Сегодня, чтобы принять решение о боковом наблюдательном, хорошо было бы повторять осмотр через каждый час, и так посидеть тут до вечера. И Саня повторял ежечасно, но нигде ничего достойного не наблюл – противник замер небывало и неподдельно. К концу дня растягивало белесость, небо яснело, холодело, за стволовическими тополями обозначилась закатная заря – не открылось солнце, но яркая желтизна протянулась горизонтальной полосой. Однако и с прояснением не подняли немцы нигде наблюдательной колбасы. Как бы прямо указывали на перемирие.
Предвидя, что тут придётся долго посидеть без дела, Саня принёс в кармане крохотный томик Пушкина из павленковского десятитомника – разрозненных три томика было у него, и он часто их читал.
И всегда вылавливал себе у Пушкина новое подкрепление.
И вся сегодняшняя революция не могла иметь на то никакого влияния.
Так сидел он в бурке на чурбаке и в слабом свете от смотровой щели почитывал маленький томик. А потом вставал и наблюдал в бинокль и в стереотрубу.
По мере заката перешла через розовость и полиловела и посерела полоса за тополями на холме.

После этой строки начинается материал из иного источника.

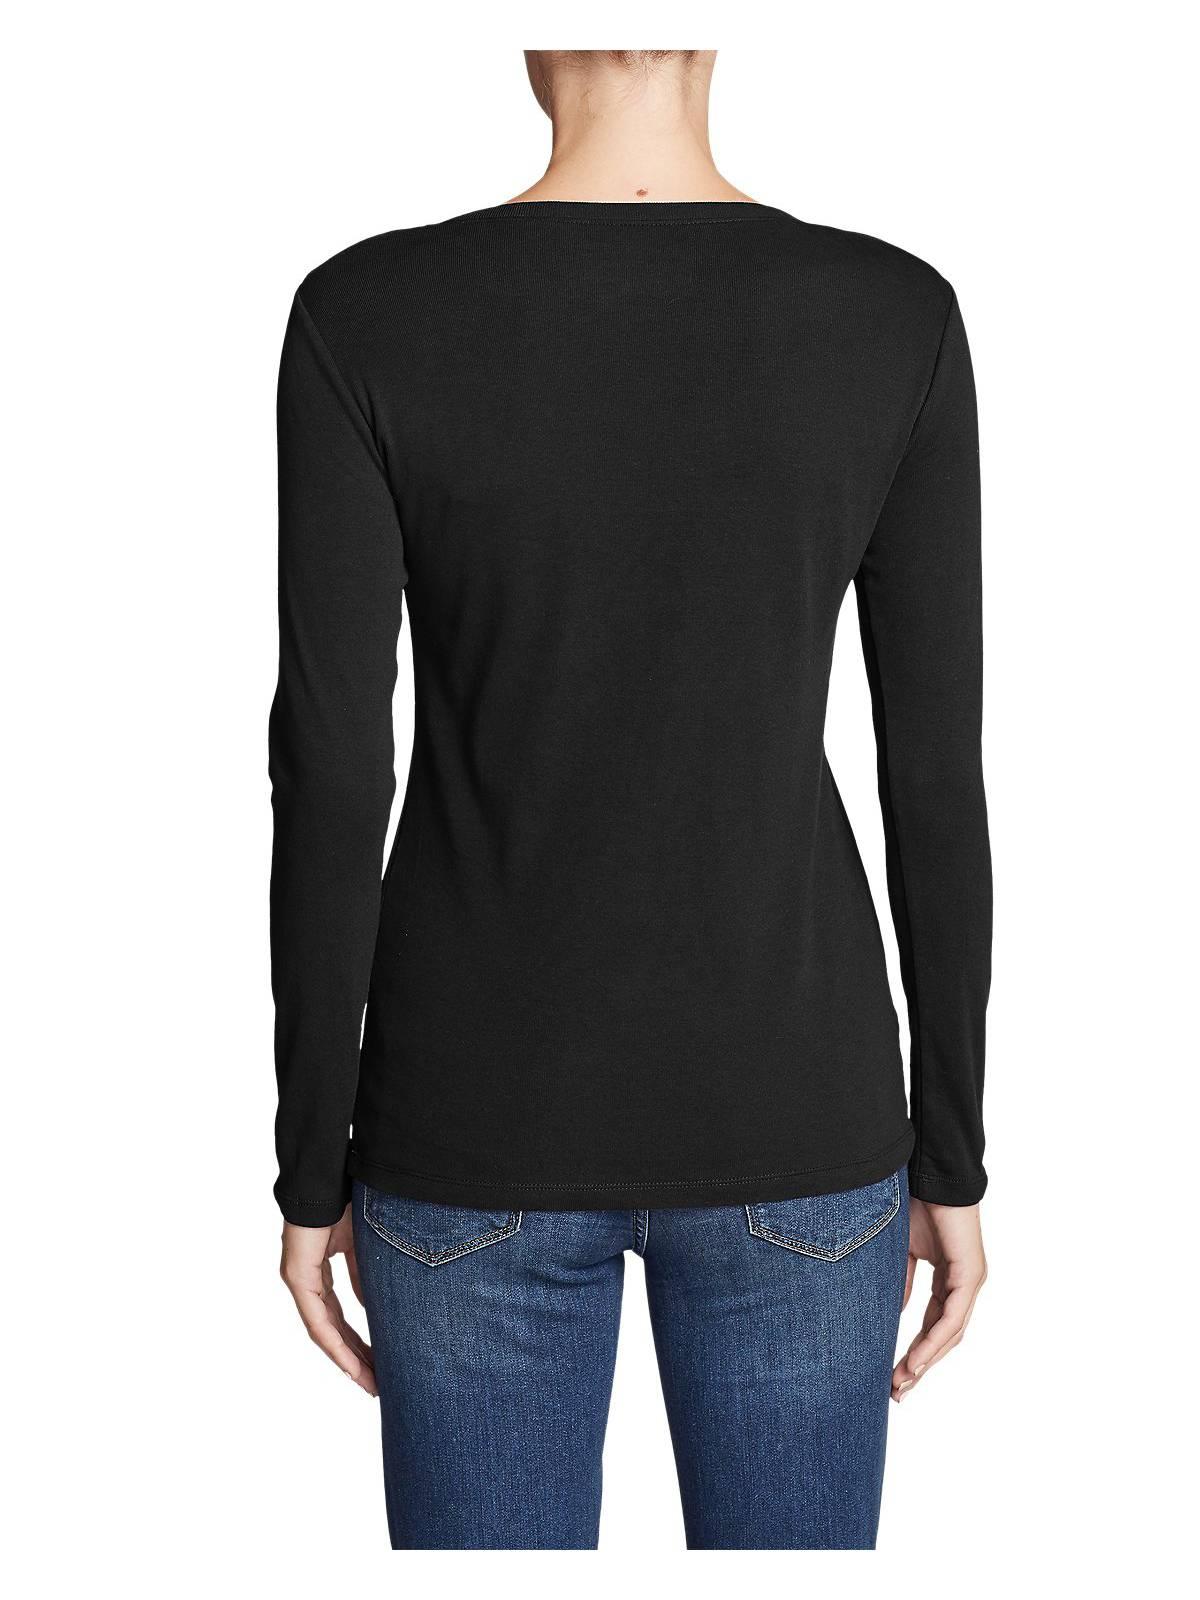 Eddie-Bauer-Women-039-s-Favorite-Long-Sleeve-Crewneck-T-Shirt thumbnail 8

Оставил Улезьку дежурить, пошёл. Сперва ходом сообщения, потом выпрыгнул наверх.
Ещё не сосмеркло. Подмораживало. Под сапогами сильно хрустел ледковатый снежок.
Вдруг – что-то толкнуло его в сердце: повернуться. Как будто он ощутил за собой неслышное присутствие, наблюдение, – кто-то был сзади и смотрел за ним.
Обернулся (хорошо что через правое плечо), – месяц молодой! Да тонюсенький серпок, еле высветился, только в такой небесной чисти и виден.
А близко сбоку от него – крупная яркая Венера.
А что-то есть тайное в лунном свете! Почему присутствие молодого месяца даже спиной чувствуешь как живое существо, так и ощущаешь, что небо не пусто? Ведь не свет же его заставил повернуться, света от него и нет ещё. А вот что-то от него излучается, толкает.
Шёл Саня ещё и суеверно довольный, что увидел месяц через правое плечо, ещё оглядывался. На фронте каждый месяц – долгое время, а то и решающее для тебя: твой месяц или не твой?
Натягивало чистоты и морозца. Ещё и не вовсе стемнело, но в небе проявились звёзды, даже и несильные. А на юго-западе так и вымерзали – чёткие, изголуба-зелёные: молодой месяц – и Венера.
И от этого мирного света небесного – в душе тоже расчищалось, легчало. Как-нибудь всё прояснится, установится, кончится. Начнётся же когда-нибудь жизнь как жизнь.
Война, как к ней ни привыкнешь, – а не жизнь.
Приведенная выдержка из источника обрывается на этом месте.